Fans Remedy Entertainment CEO – Remedy Entertainment dikenal menjadi studio game favorit banyak pemain, terutama sejak era kejayaan IP ternama mereka seperti Max Payne. Dalam beberapa tahun terakhir, pamor mereka makin naik berkat kesuksesan game seperti Control dan Alan Wake 2.
Saat ini mereka sedang fokus mengembangkan Control Resonant, game aksi petualangan yang dijadwalkan rilis akhir tahun ini. Namun di tengah antusiasme menyambut kelanjutan seri Control, sebagian pemain juga mulai khawatir soal arah masa depan studio, terutama karena rekam jejak CEO baru di masa lalu.
Alasan Fans Remedy Entertainment Khawatir Ketika CEO Baru Telah Ditunjuk

Berdasarkan pengumuman resminya, Jean-Charles Gaudechon telah resmi ditunjuk sebagai CEO baru Remedy Entertainment dan akan mulai menjabat pada bulan Maret 2026 mendatang.
Dalam pengumuman tersebut, Remedy menekankan bahwa Gaudechon memiliki pengalaman memegang tanggung jawab dalam mengelola untung-rugi sebuah bisnis. Pengalaman itu disebut-sebut akan digunakan untuk membawa studio tersebut memasuki fase pertumbuhan baru.

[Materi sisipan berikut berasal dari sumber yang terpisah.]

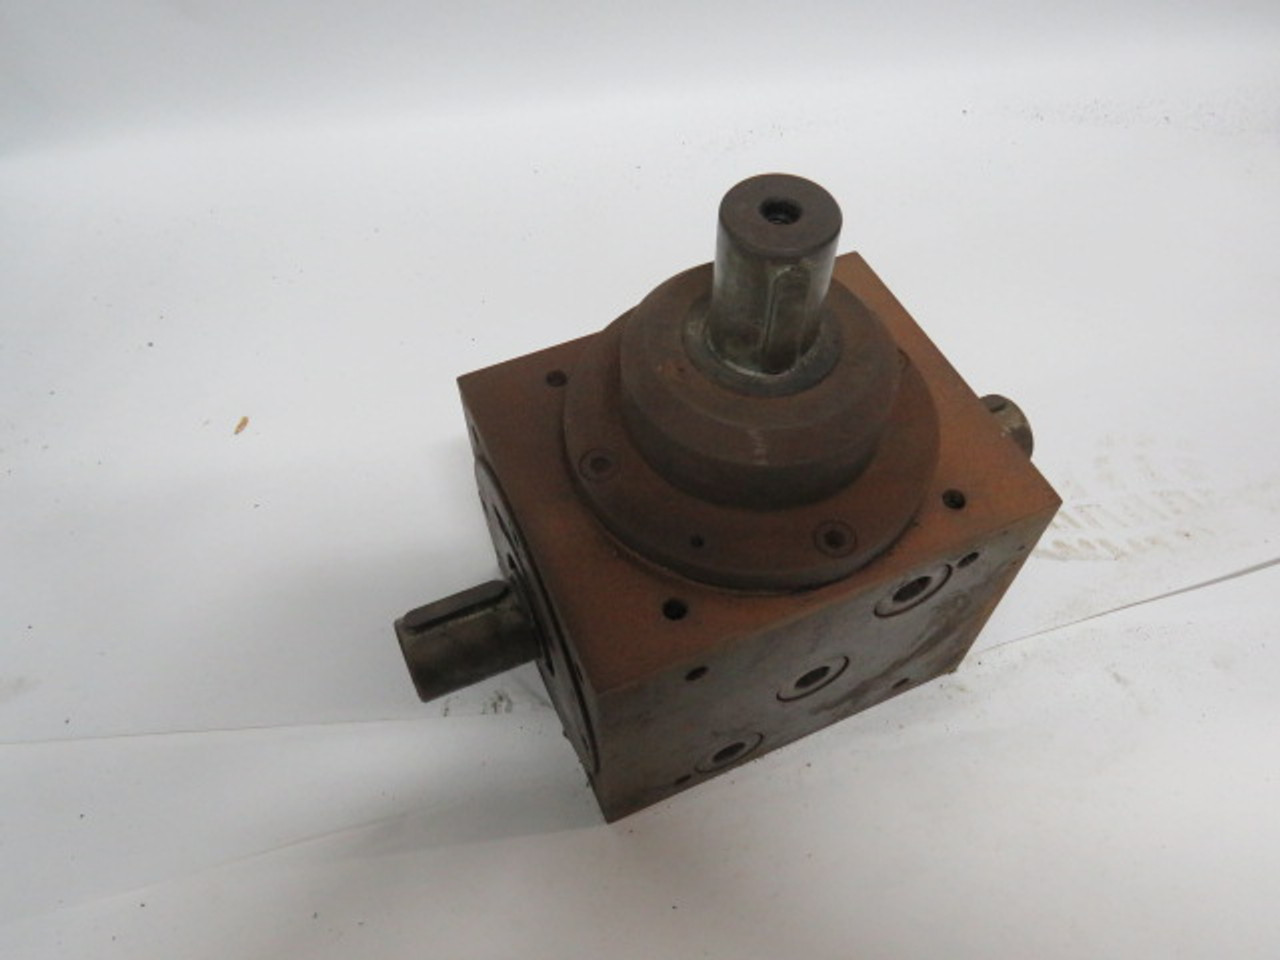 Tandler Bevel Gearbox Gear Reducer 11:9 Ratio 42mm Input 42mm Output USED

Meski terdengar memiliki prospek yang bagus, Gaudechon ternyata pernah bekerja sebagai Senior Vice President di Sleeper, sebuah platform judi olahraga. Setelah mengetahui fakta tersebut, sebagian penggemar mulai khawatir jika ia bisa mengarahkan studio yang ia pimpin ke jalur yang salah.
Bahkan di platform seperti Reddit, banyak pemain menilai langkah Remedy untuk merekrut CEO dengan rekam jejak seperti itu sebagai tanda bahaya. Menurut Gamer, identitas Remedy ada di game-game yang berani, eksperimental dan punya nilai artistik tinggi. Nah, identitas tersebut dikhawatirkan bisa bergeser di bawah CEO baru yang lebih mengejar keuntungan semata.
Alhasil demi pemasukan yang lebih aman dan stabil, arah pengembangan sebuah game bisa saja didorong ke model live-service, seperti yang sering terjadi di studio lain.
Director Alan Wake II Punya Pendapat Lain

Di sisi lain, Sam Lake selaku Director Alan Wake II menyatakan dukungannya terhadap penunjukan Gaudechon. Melalui akun X/Twitter miliknya, Sam Lake mengatakan bahwa Gaudechon sangat memahami visi studio yang super unik yang mengindikasikan bahwa Remedy sepertinya tidak akan kehilangan jati dirinya.
Hanya waktu yang bisa menjawab apakah kekhawatiran pemain akan terbukti benar. Sebab, Remedy sebenarnya sempat menjajal model live-service lewat game berjudul FBC Firebreak yang rilis tahun lalu. Sayangnya, game FPS itu jauh dari kata sukses dan penjualannya berada di bawah ekspektasi.
Baca juga informasi menarik Gamebrott lainnya terkait Remedy Entertainment atau artikel lainnya dari Arif Gunawan. For further information and other inquiries, you can contact us via author@gamebrott.com.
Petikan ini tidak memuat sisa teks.